Computational order of convergence of a sequence ${\left\{x_n\right\}}_{n\ge 0}$ is defined by

$${\overline{\rho }}_n=\frac{ln|e_{n+1}/e_n|}{ln|e_n/e_{n-1}|},$$

where $x_{n-1},x_n,x_{n+1}$ are three consecutive iterations near the root α and $e_n=x_n-\alpha$ [29].

Definition 3.

The approximated computational order of convergence of a sequence ${\left\{x_n\right\}}_{n\ge 0}$ is defined by

$${\widehat{\rho }}_n=\frac{ln|{\widehat{e}}_{n+1}/{\widehat{e}}_n|}{ln|{\widehat{e}}_n/{\widehat{e}}_{n-1}|},$$

where ${\widehat{e}}_n=x_n-x_{n-1}.$$x_n,x_{n-1},x_{n-2}$ are three consecutive iterates [29].

Table 5 demonstrates that the convergence of the proposed methods closely corresponds with the convergence of Newton’s method, particularly for values of k ranging from 4 to 5 with the convergence order closely approximating 2.

Example 2.

Let $X=Y={\mathbb{R}}^3$ and $D=U[x^{*},1].$ The mapping F is defined on D for $a={(a_1,a_2,a_3)}^{tr}\in {\mathbb{R}}^3$ as

$$\begin{array}{c}\hfill F(a)={(a_1,e^{a_2}-1,\frac{e-1}{2}{a}_3^2+a_3)}^{tr}.\end{array}$$

Then, the definition of the derivative according to Fréchet [1,8,11,27,30] is given for the mapping F

$$F^{\prime }(a)=\left[\begin{array}{ccc}1& 0& 0\\ 0& e^{a_2}& 0\\ 0& 0& (e-1)a_3+1\end{array}\right].$$

The point $x^{*}={(0,0,0)}^{tr}$ solves the equation $F(a)=0.$ Moreover, $F^{\prime }(x^{*})=I.$ The conditions of the Theorem 3 hold provided that ${\ell }_0=e-1,k=1,a=a(t)={\ell }_{0}t.$ Then, we can have $\rho \in (0,0.2909883534).$

Example 3.

Let $K[0,1]$ stand for the space of continuous functions mapping the interval $[0,1]$ into the real number system.
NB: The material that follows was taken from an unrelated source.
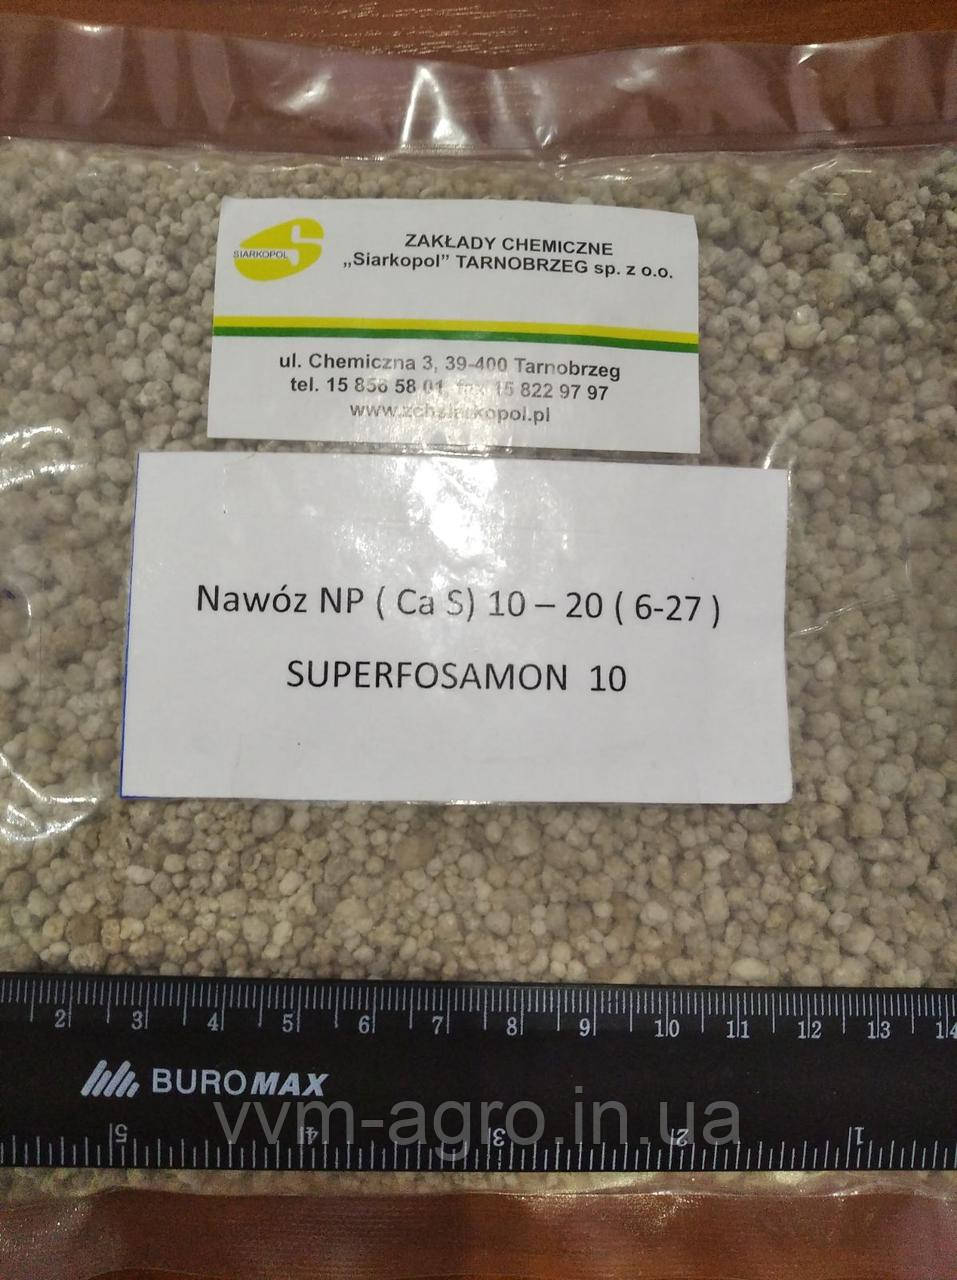 Суперфосфат амонізований Superfosamon 10 NPS(Ca) 10-20-27 (6)

Let $B_1=B_2=K[0,1]$ and $D=P[x^{*},1]$ with $x^{*}(\xi )=0.$ The operator E is defined on $K[0,1]$ as

$$E(z)(\xi )=z(\xi )-6{\int }_0^1\xi z{(\tau )}^{3}d\tau .$$

Then, the definition of the derivative according to Fréchet [1,8,11,27,30] is given below for the operator E

$$E^{\prime }(z(w))(\xi )=w(\xi )-18{\int }_0^1\xi \tau z{(\tau )}^{2}w(\tau )d\tau$$

for each $w\in K[0,1].$ Therefore, the conditions are validated, since for $x^{*}=0,$$E^{\prime }(x^{*}(\xi ))=I$ provided that ${\ell }_0=9,a=a(t)={\ell }_{0}t,$ and $k=1$. Then, we can get $\rho \in (0,0.0\overline{5}).$

9. Concluding Remarks

The difficulty of implementing Newton’s method is addressed in this article. In particular, the computation of $F^{\prime }{(x_n)}^{-1}$ required at each step of Newton’s method is avoided with the introduction of method (4) (or method (5)), where the inversion only once of a fixed linear operator is required to implement it. The inverse of the linear operator is exchanged with a finite sum of linear operators depending on $F^{\prime }.$ Both the semi-local and the local convergence analysis of these methods are asymptotically comparable to Newton’s. This is guaranteed by Theorem 2, and Remark 1 for the semi-local and Theorem 3, and Remark 2, for the local analysis, respectively. Moreover, the numerical examples are used to demonstrate that method (4) or method (5) are reliable replacements of Newton’s method for all practical purposes. In our future research, we shall consider further extensions of the form

$$x_{n+1}=x_n-Q(x_n)F(x_n).$$

Here, Q is a conscious approximation to the inverse of a linear operator (like B), which may be a divided difference or some other operator, and it is also given by $Q(x)=I+L(x)+L^2(x)+\dots +L^k(x),$ where L is a linear operator [6,9,12,13,14,20,21,24,25,27,28,30,31,32].